Awesome! Thanks so much!!! 

could you try and measure the core dimensions?

just measure over the brackets,cans,or frames, close enuff,

can you see what color the lams are?

do you have a signal generator and an ammeter and voltmeter?

inject 20 Hz into the primaries at  a level close to what the transformer might see, probably 1 to 5 volts,

write down voltage and current for each xfmr,

here is the test set up

 

[DE]

Hi CJ, yes I can do this tomorrow morning (UK time!).
Will try to take photos with dimensions as well.
It looks like the compressor is now working to full spec but as I said, I'm still concerned about the output transistor temperature which seems too high for long term reliability.
DE

 

[CJ]

check your rail voltages,  reducing Vcc will drop heat,

 

[DE]

Hi CJ, here are the results.
Feeding 1v RMS sine wave at 20 Hz into the output transformer primary (pins 1 and 3) gives 2.56mA (at 1kHz it gives 0.47 mA).
(All other windings including the Zobel network disconnected.)

Feeding 1v @ 20Hz into the side chain transformer primary (pins 1 and 3) gives 0.160mA.
(Secondary disconnected.)

Feeding 1v @20Hz into the input transformer primary (pins 1 and 3) gives 0.007mA. Yes really, I double checked it! (Secondary disconnected of course).

I'm not sure how accurate the current reading of my multimeter is at 20Hz but the volts were measured on a scope with RMS voltage reading so are good.
Laminations of the op transformer are shown in the attached drawing, as are the other transformer sizes. I failed to get decent photos today but will post some as soon as possible and will include a picture of the oscillator coil which others might be interested in.
OP transformer laminations are silver/grey under some very thick yellow varnish. Overall size is around 52x33mm with a slightly unusual clamping arrangement.
As to the heat problem, I'm seeking advice elsewhere but am currently running at 15.5 volts instead of 16 and have fitted heatsinks which seem to help.

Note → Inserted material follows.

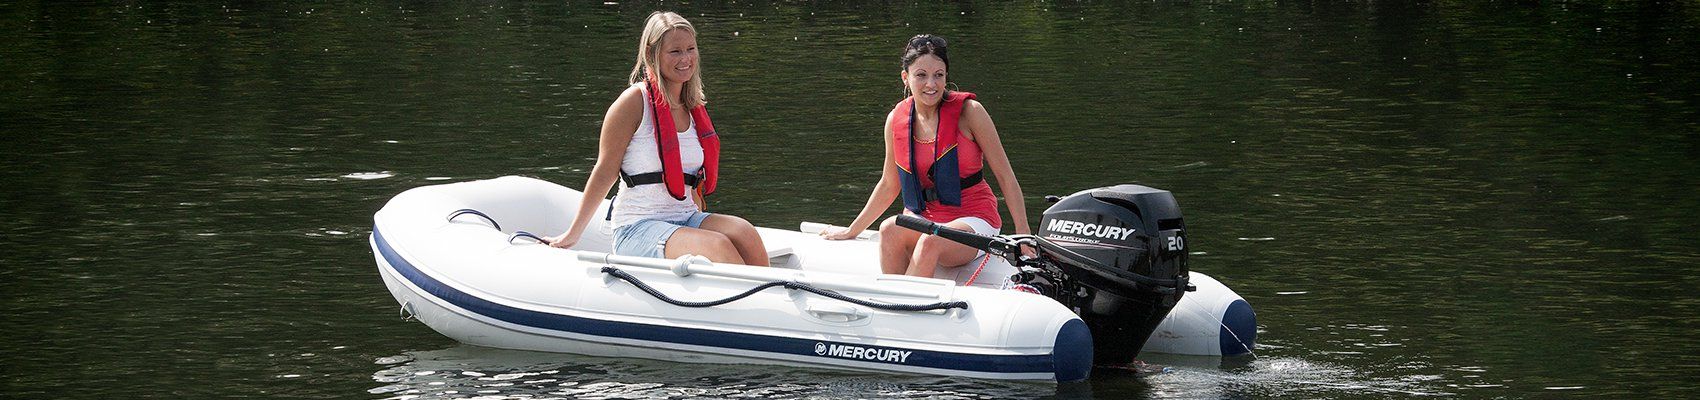 Mercury Inflatable Boats

I think I might increase the emitter resistors and see what that does, who needs to run at +24 dB these days?

 

[CJ]

Great Work!  Awesome!  This should be enough info to wind these things,

Here is the primary  inductance-1 V-rms 20Hz

Output: 3.11 Henries
Side Chain 49.76 H
Input 1137 H.

workingon the lams...

did you post the side chain and input DCR? can not find it..

 

[CJ]

here is an estimate of what is going down here,



output>

 

[DE]

Great work!
Here are the DCRs of the other two transformers that I thought I put in an earlier post but must have forgotten.
Input Trans Pri=821ohms Sec=864ohms
In the manual, the L is shown a as 135H at 50Hz, my meter (Peak Atlas LCR) measures L at 15kHz so is completely wrong.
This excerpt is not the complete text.